А потом мне на инфор пришел вызов. Я машинально отозвался, и перед моим взором предстала неопределенного возраста особа с цепким взглядом тускло-карих очей и скромненькой био-татуировкой на щеке: две вишенки на одном черешке. Судя по наличию майки, хотя и полупрозрачной — сектантка или групарка; возможно, семейница, но не приведи Бог!
— Офицер Макферсон? — осведомилась она, будто сьюд связи мог ошибиться.
— Он самый, — осторожно отозвался я. — С кем имею?
Собственных координат дама, наплевав на правила приличия, не предоставила, а догадаться я никак не мог. Единственное, что настораживало — властные манеры незнакомки.
— Кира Деннен Карел, — представилась дама слегка чопорно. — Кооптированный представитель Колониальной службы в домене Луна. Мой опознаватель… — По нижнему краю козырька пробежала цепочка символов: код принят, сертификат — проверен и принят.

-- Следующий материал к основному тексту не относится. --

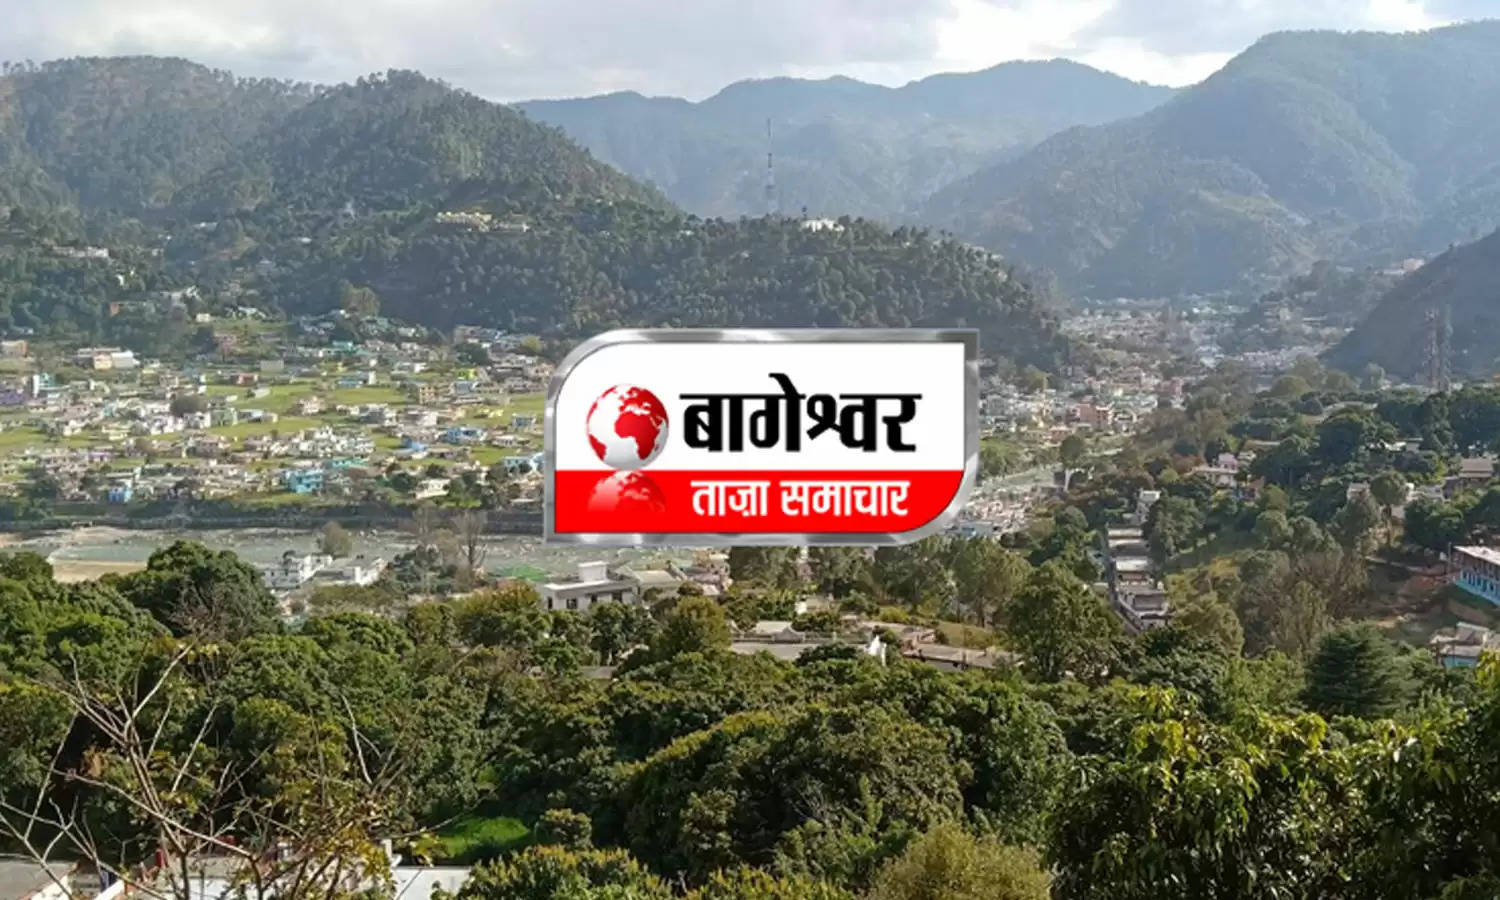 Uttarakhand News Bulletin-14 : नाराज ग्रामीणों ने किया ऊर्जा निगम के एसडीओ का घेराव, जानिए बागेश्वर की ऐसी ही तमाम छोटी बड़ी खबरें...

— Какой-какой… представитель… — выдавил я.
— Кооптированный, — безжалостно припечатала дама.
Я вызвал справку из толкового словаря.
— И давно у нас голубые мундиры продаются? — только и смог поинтересоваться я, в полной мере осознав услышанное.

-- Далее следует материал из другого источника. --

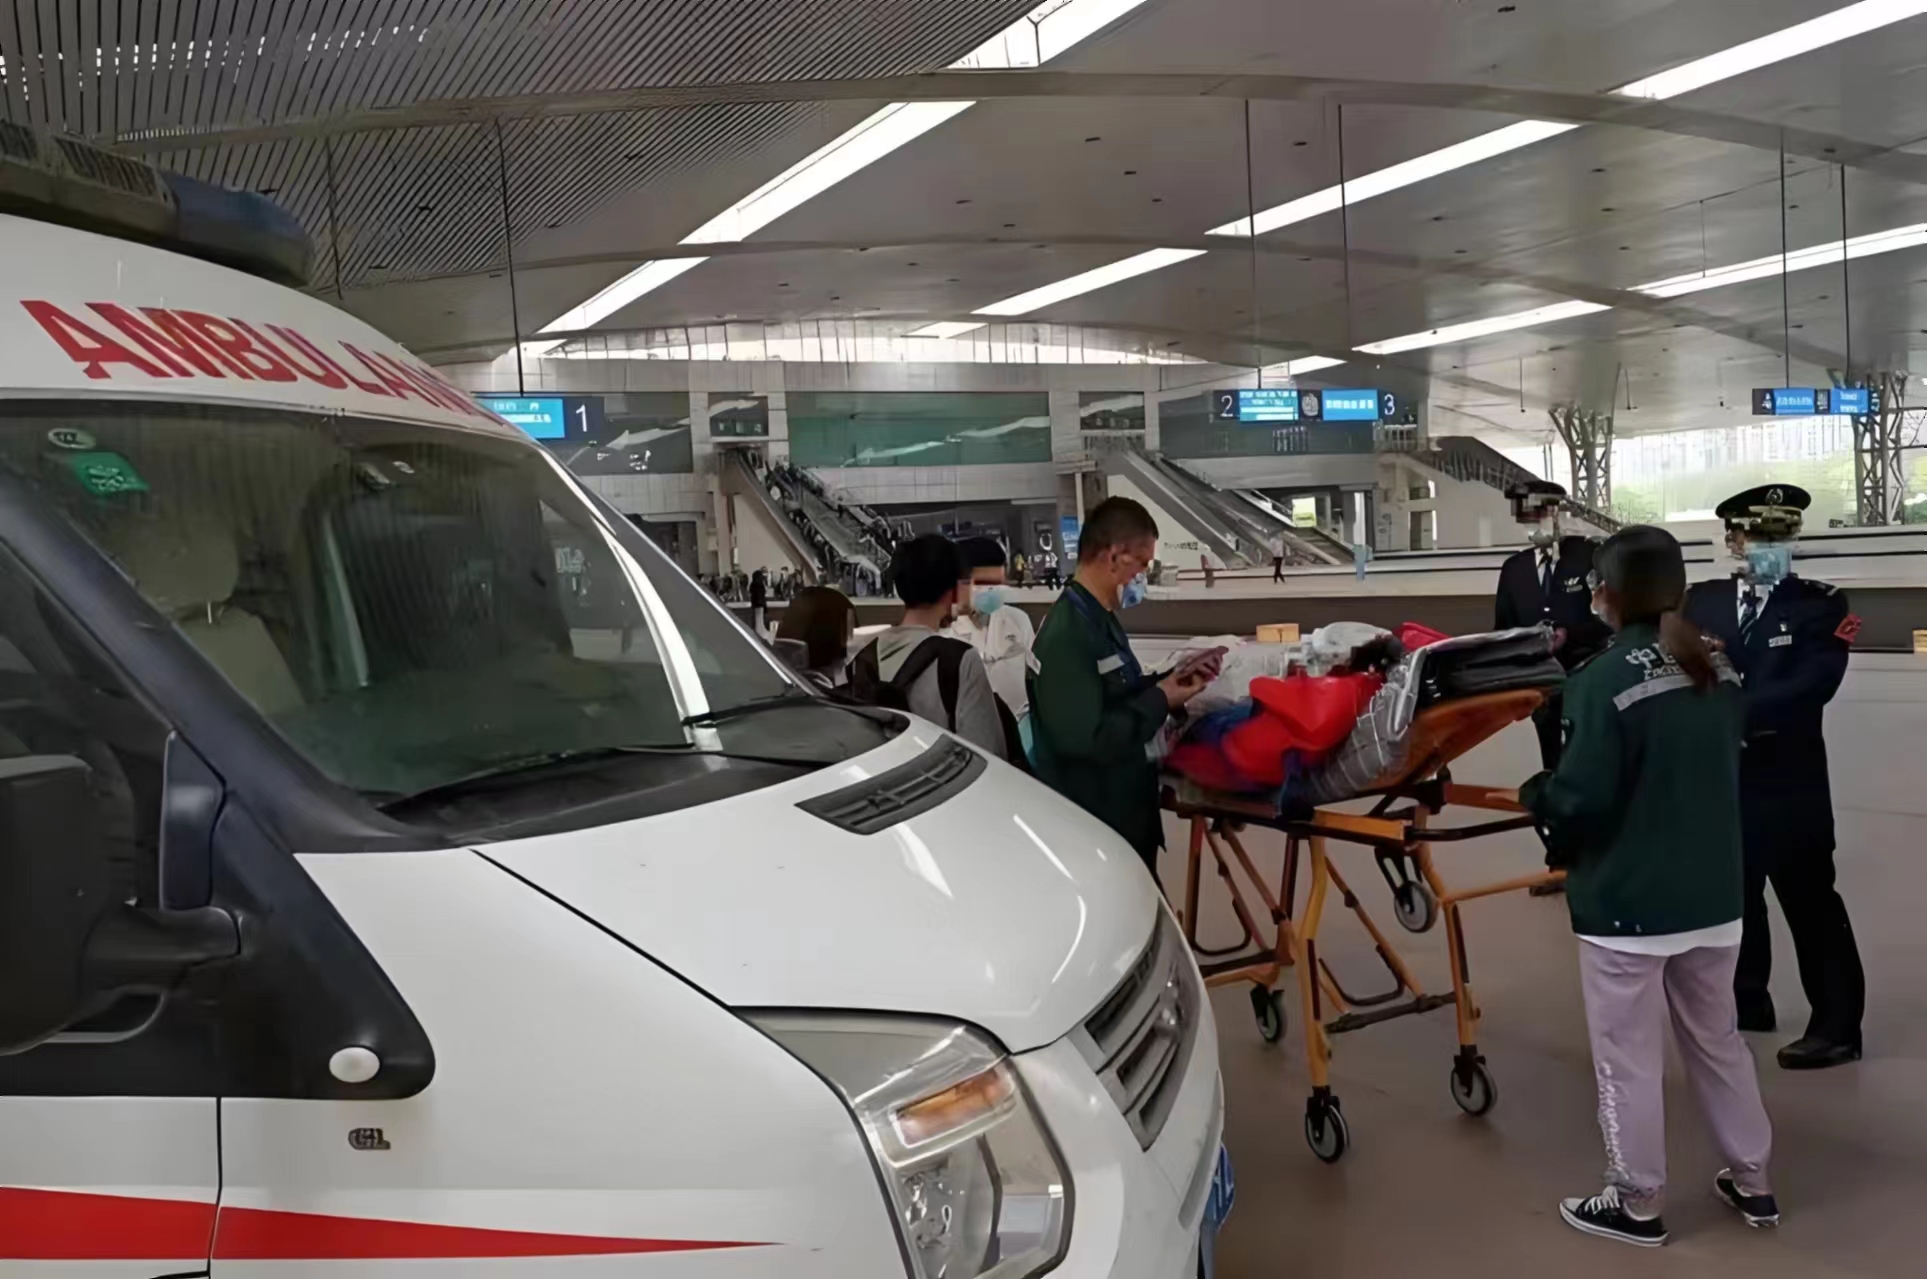 北京救护车接送病人-私人救护车出租-全国救护中心

— «Мундиры», как вы выразились, не «продаются», — с ледяным спокойствием поправила меня Кира Деннен. — Они предоставляются полномочным представителем Службы достойным гражданам в условиях грозящих беспорядков.
Назвать карелов «достойными гражданами» — значило сильно погрешить против истины, но я уже знал, что они действуют с Мерриллом заодно.
— Простите, а как у вас обстоит дело со степенью аугментации? — поинтересовался я, уверенный, что прищучил групарку. По закону голубец должен нести в своем теле не менее двадцати процентов искусственных органов и наращений. Это правило считается в службе одним из основных со времени «ядровых бунтов».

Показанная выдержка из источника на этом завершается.